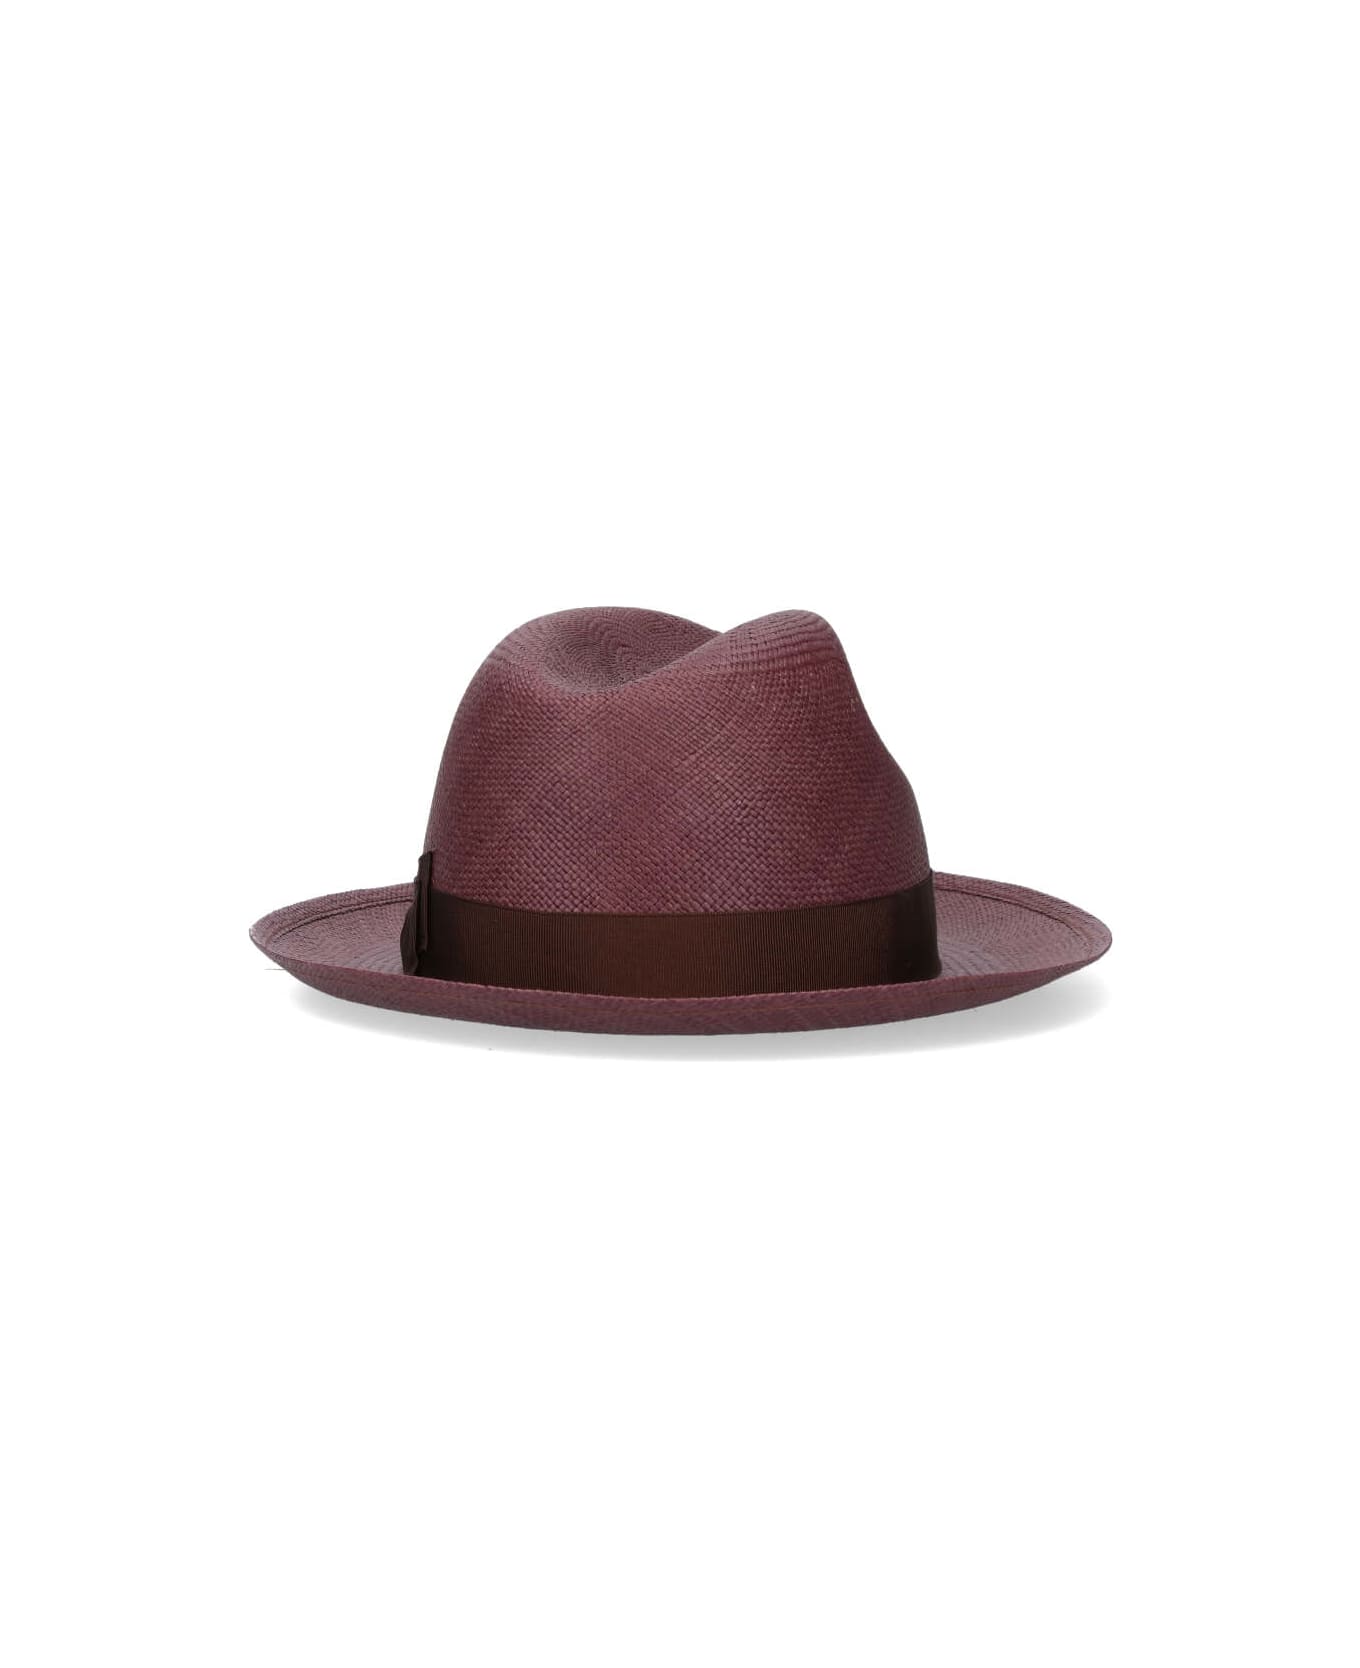 Borsalino 'panama' Hat - Brown 帽子
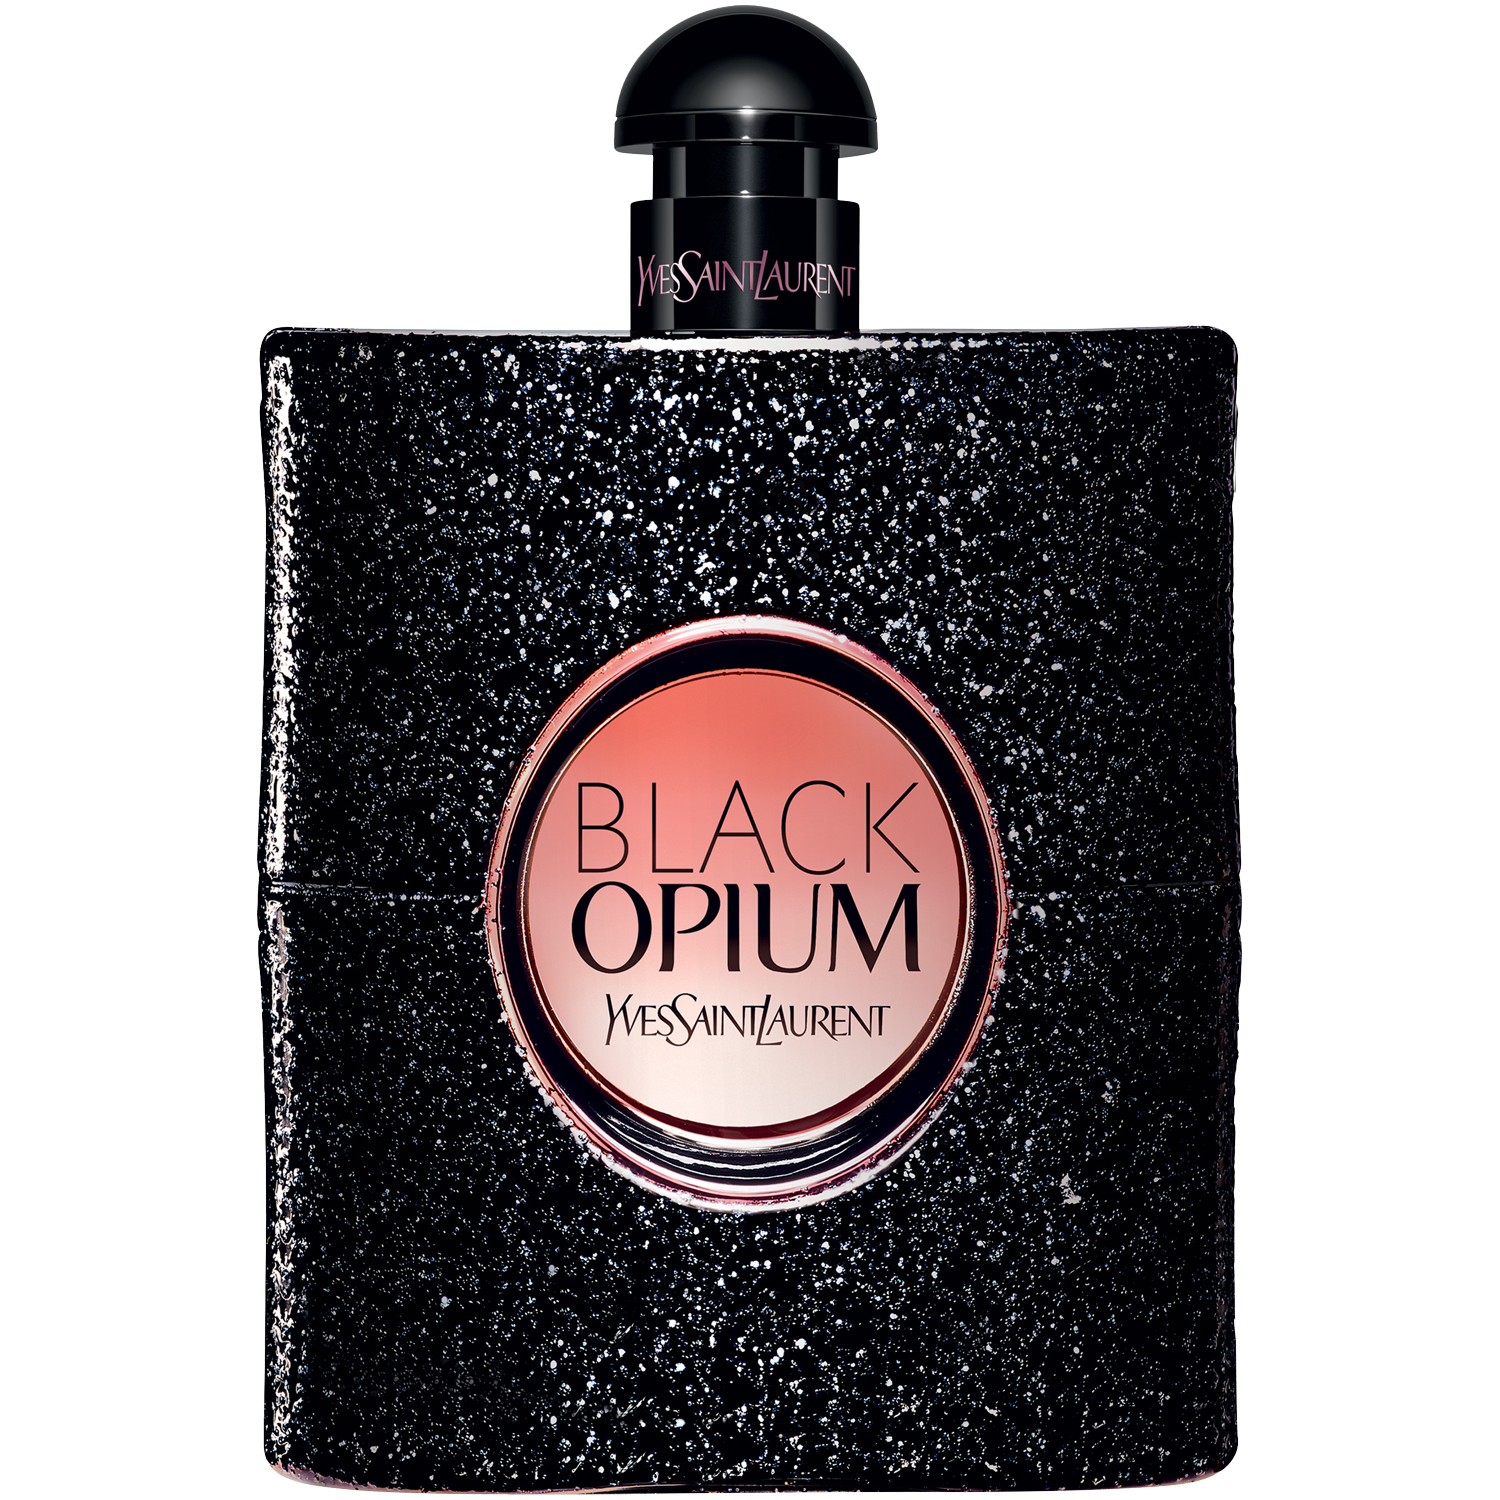 Женская парфюмерная вода Yves Saint Laurent Black Opium, 30 мл перец восточный базар семена
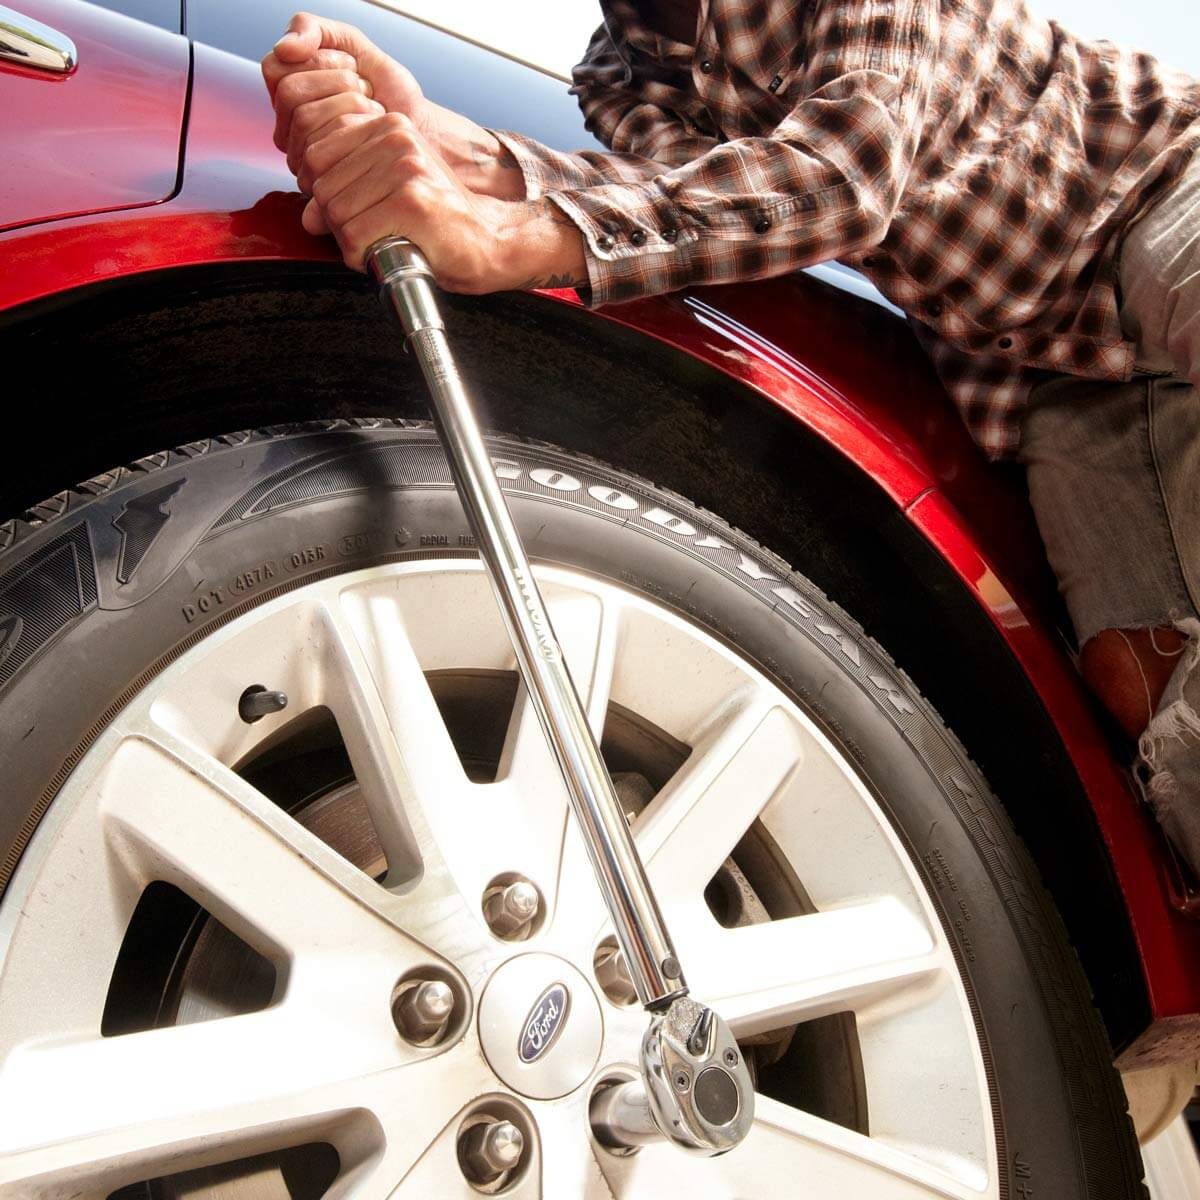 35 Automotive Maintenance Tasks You Can DIY
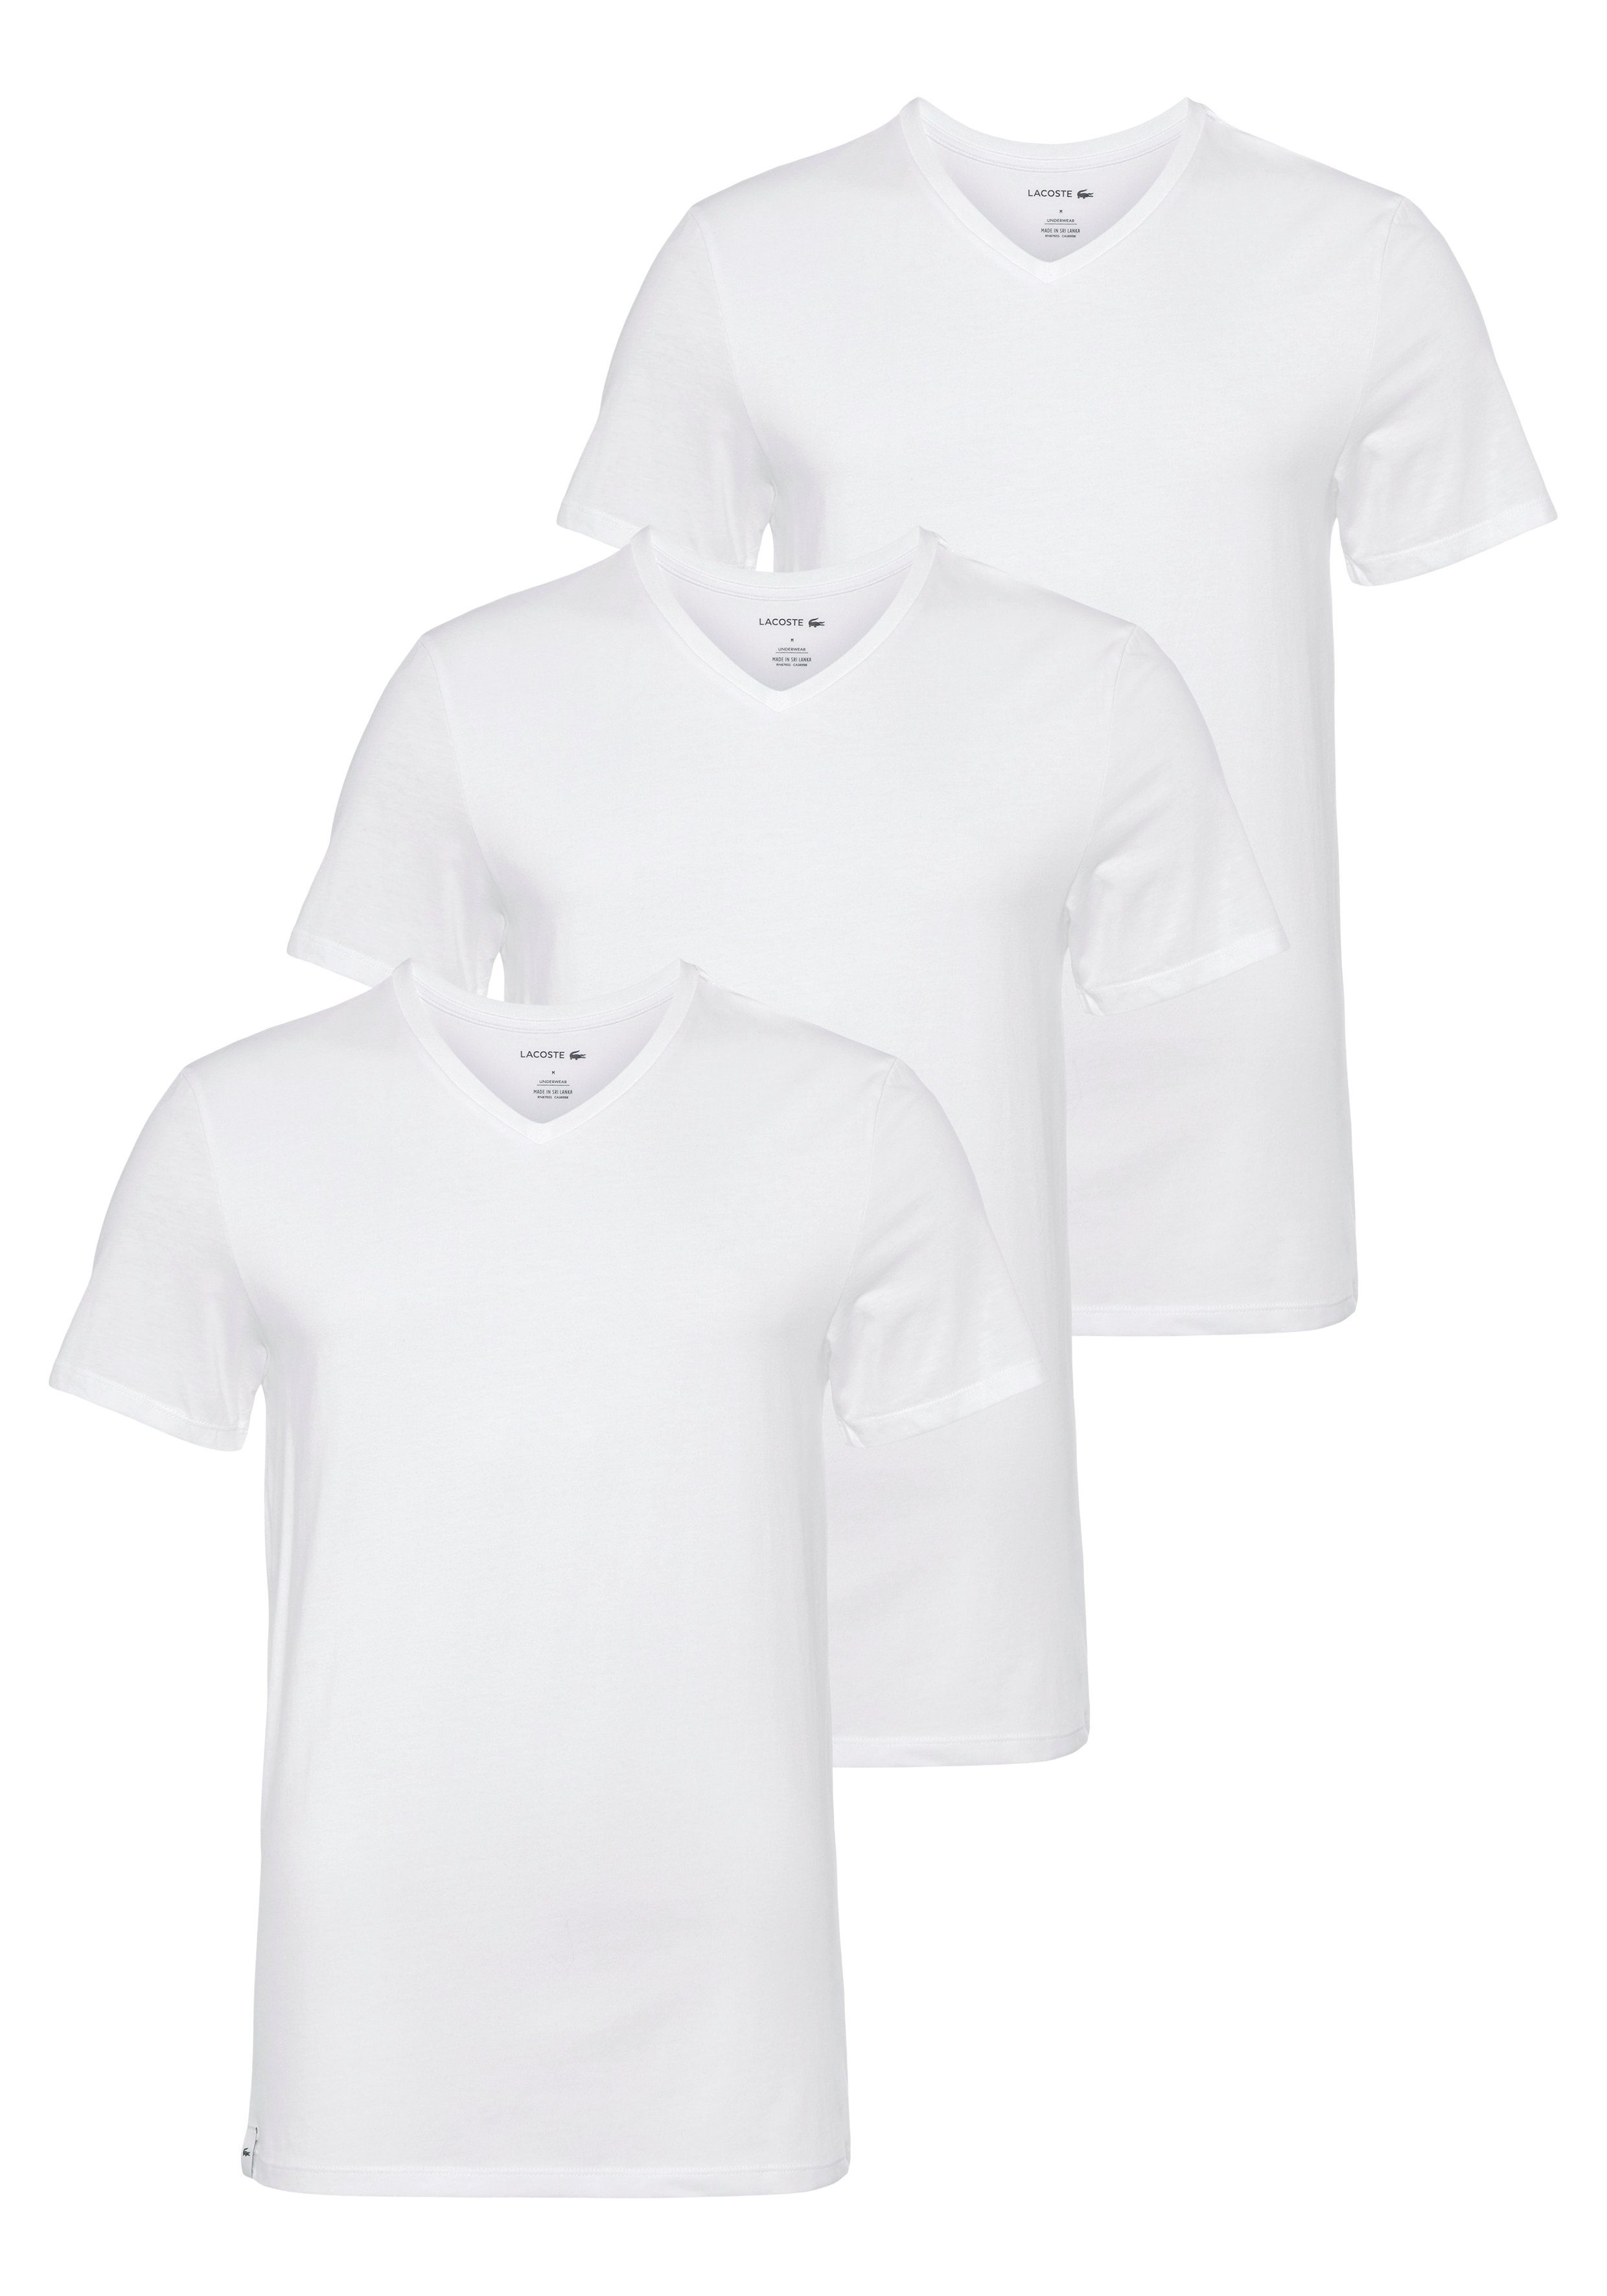 (Packung, 3er-Pack) V-Shirt Lacoste Look im weiß unifarbenen

########################################

- [Work to complete]: Where pictures occur in the material above, omit them and return everything else exactly.

- [Response]:
 Borsalino 'panama' Hat - Brown 帽子
 Женская парфюмерная вода Yves Saint Laurent Black Opium, 30 мл перец восточный базар семена
 35 Automotive Maintenance Tasks You Can DIY
 (Packung, 3er-Pack) V-Shirt Lacoste Look im weiß unifarbenen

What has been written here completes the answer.